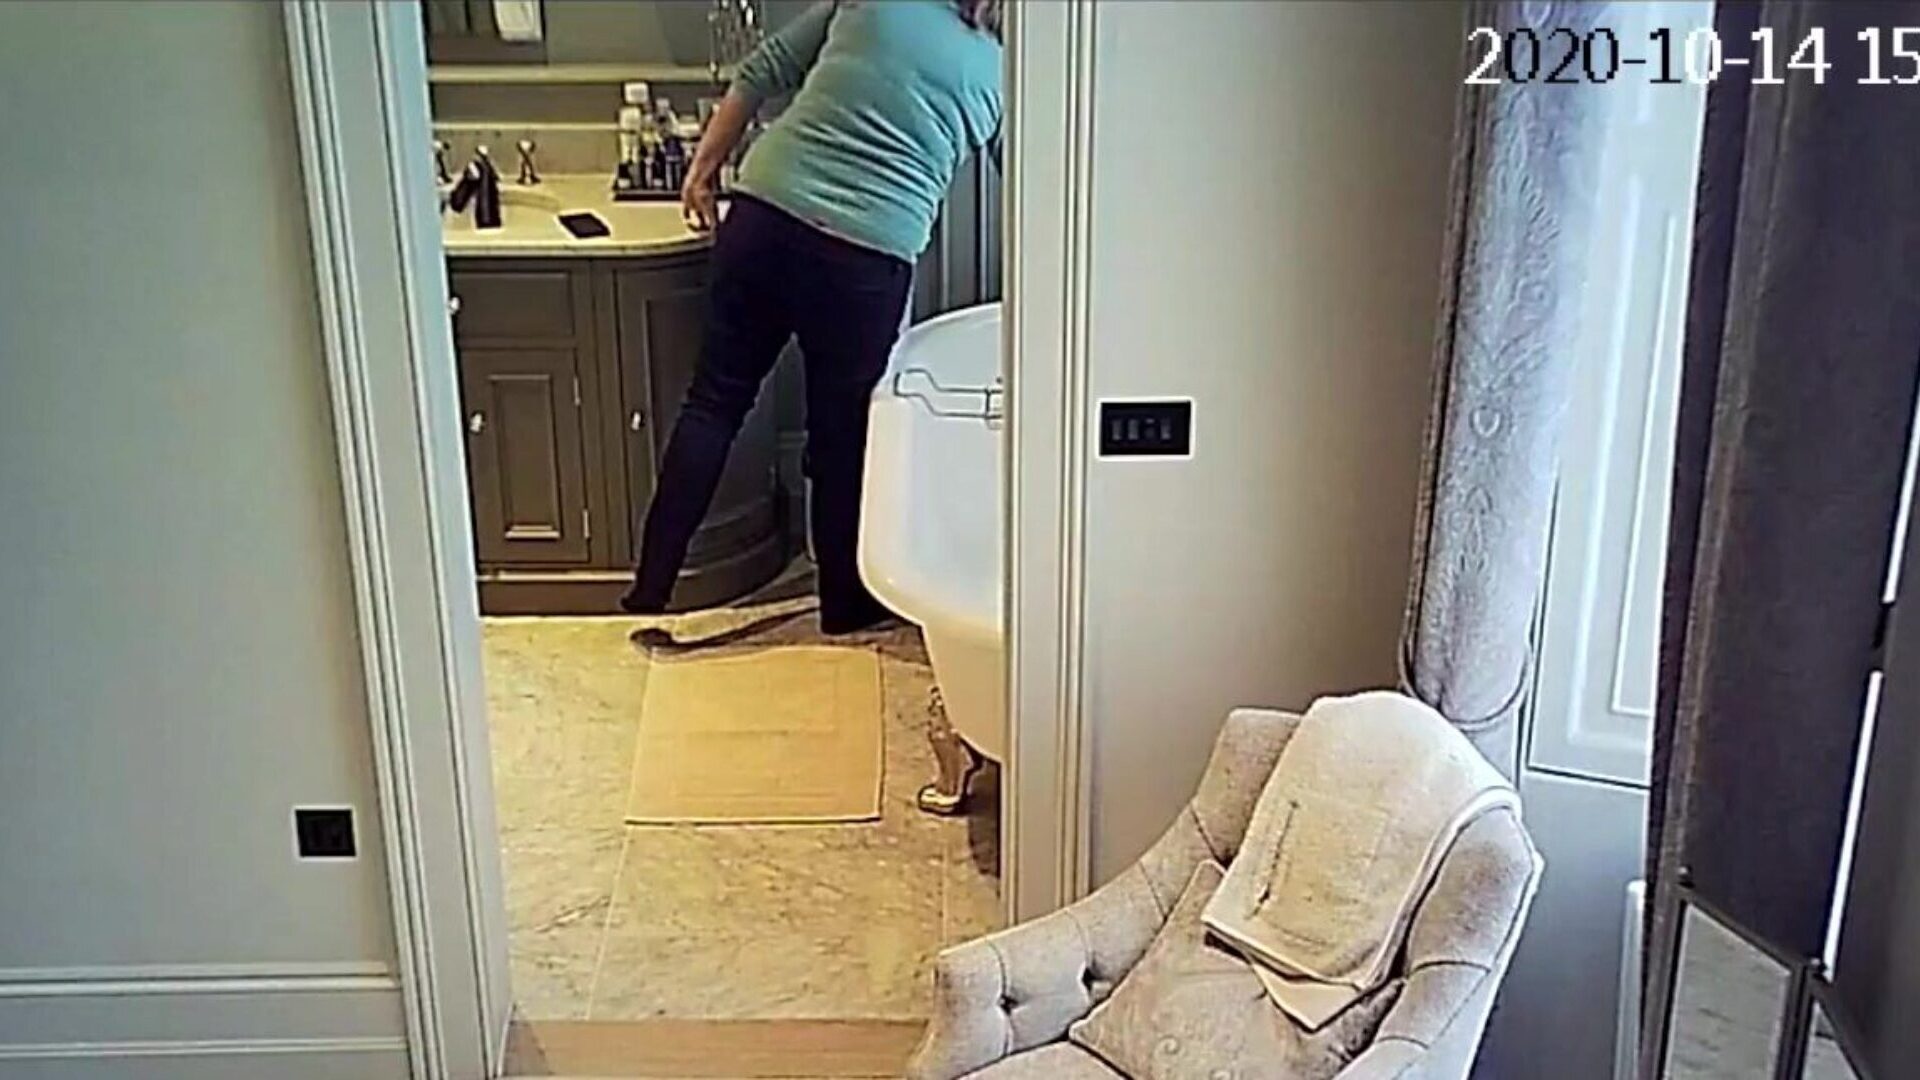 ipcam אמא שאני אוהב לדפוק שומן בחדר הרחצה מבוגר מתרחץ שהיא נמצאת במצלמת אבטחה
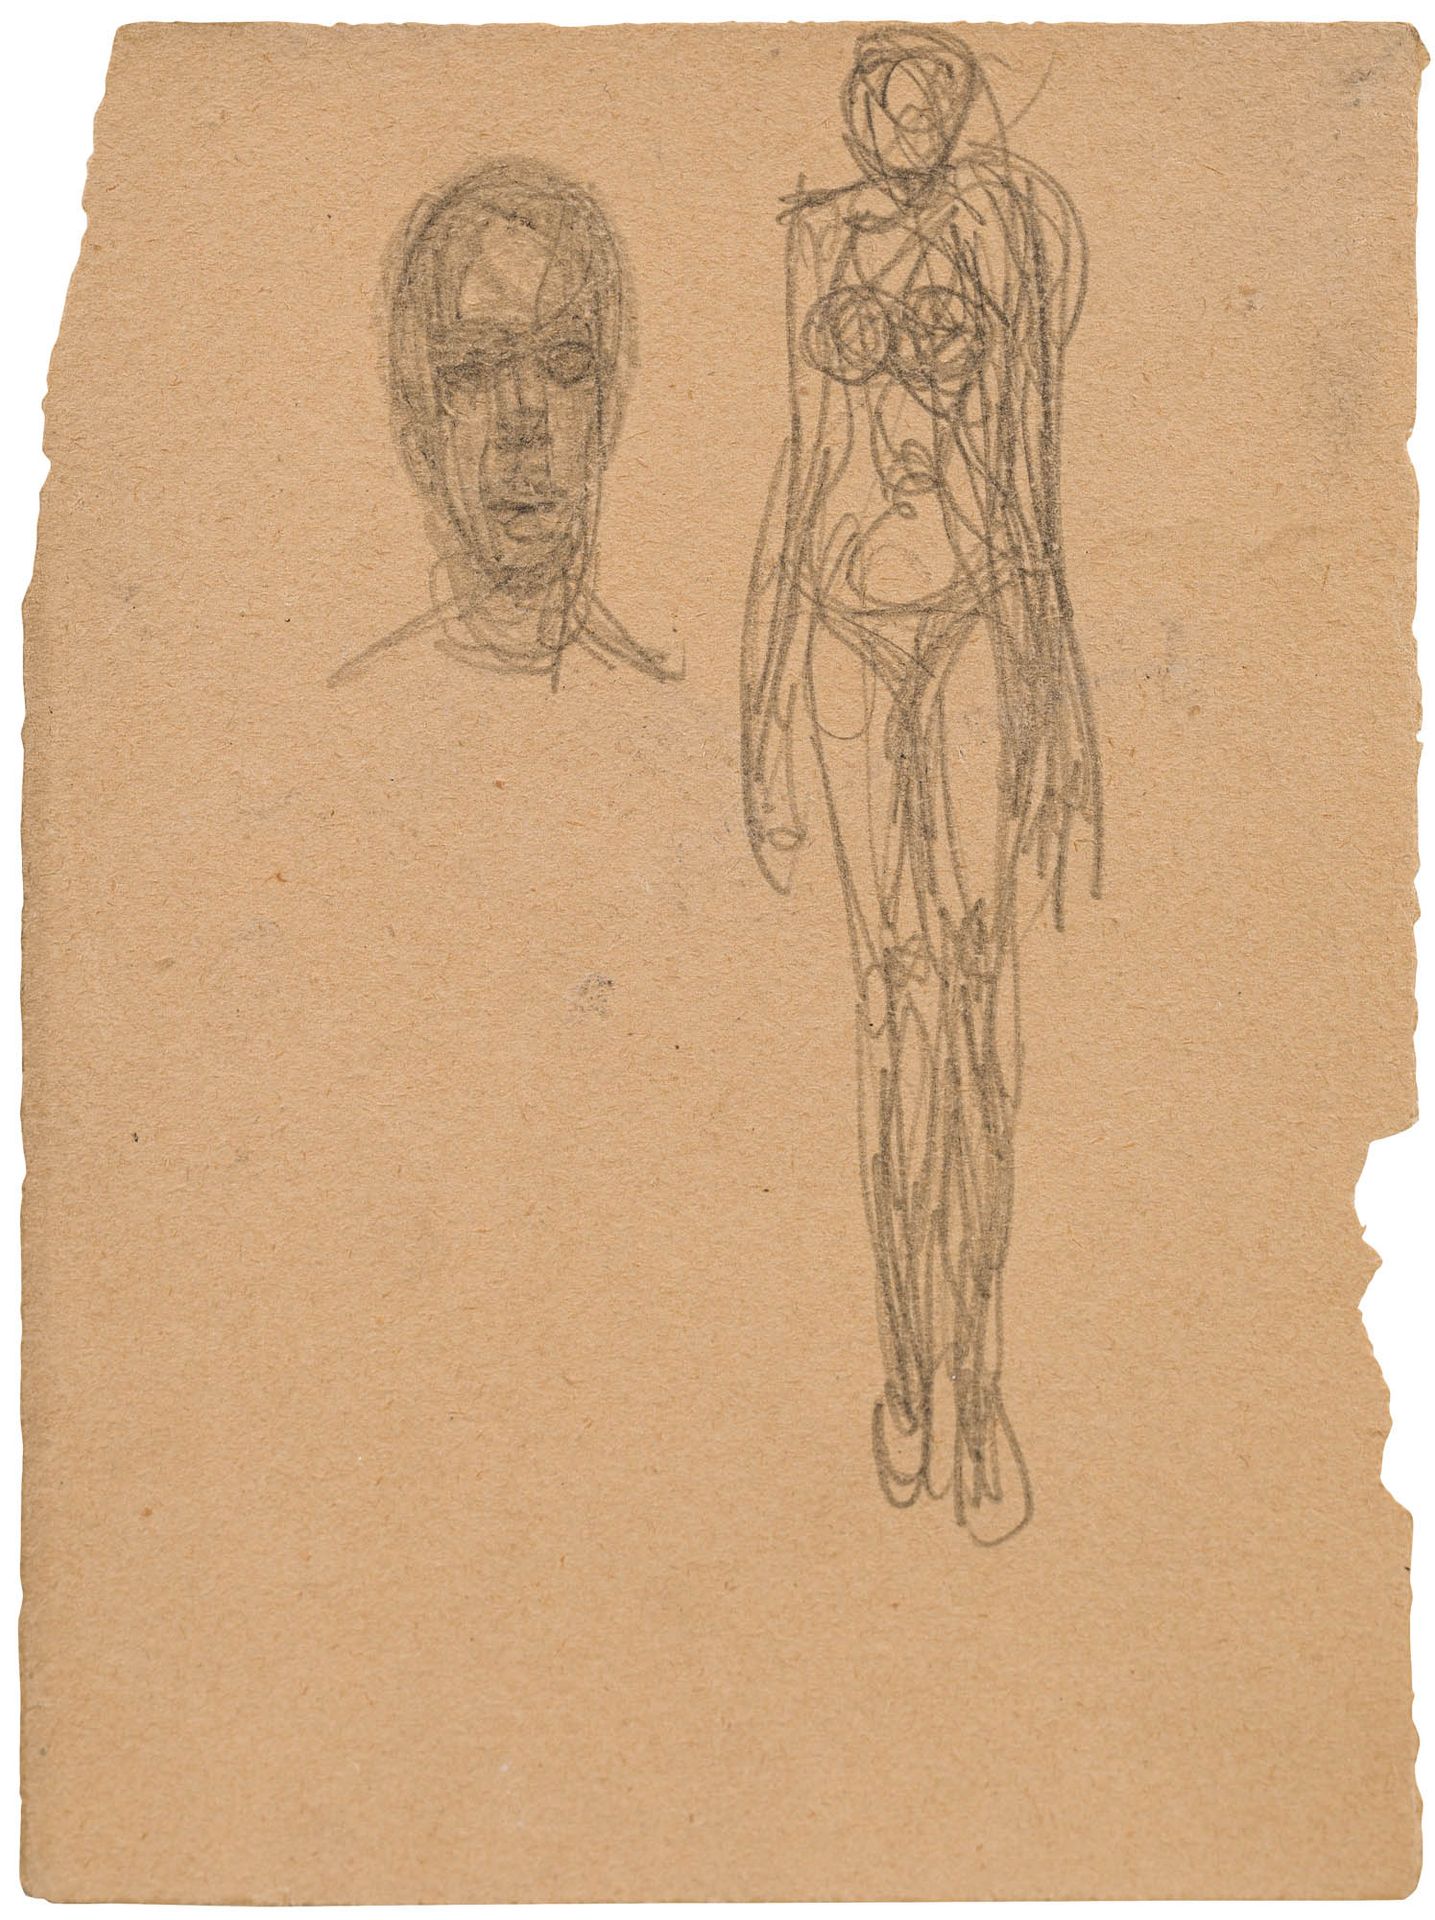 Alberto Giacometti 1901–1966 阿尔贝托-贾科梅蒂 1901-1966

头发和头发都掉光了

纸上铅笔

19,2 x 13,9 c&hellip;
------------------------------------------------
▶ **WORK REQUEST**
Give the listing again exactly, excluding pictures.

▶ **THE COMPLETED TASK**
 ipcam אמא שאני אוהב לדפוק שומן בחדר הרחצה מבוגר מתרחץ שהיא נמצאת במצלמת אבטחה
 Alberto Giacometti 1901–1966 阿尔贝托-贾科梅蒂 1901-1966

头发和头发都掉光了

纸上铅笔

19,2 x 13,9 c&hellip;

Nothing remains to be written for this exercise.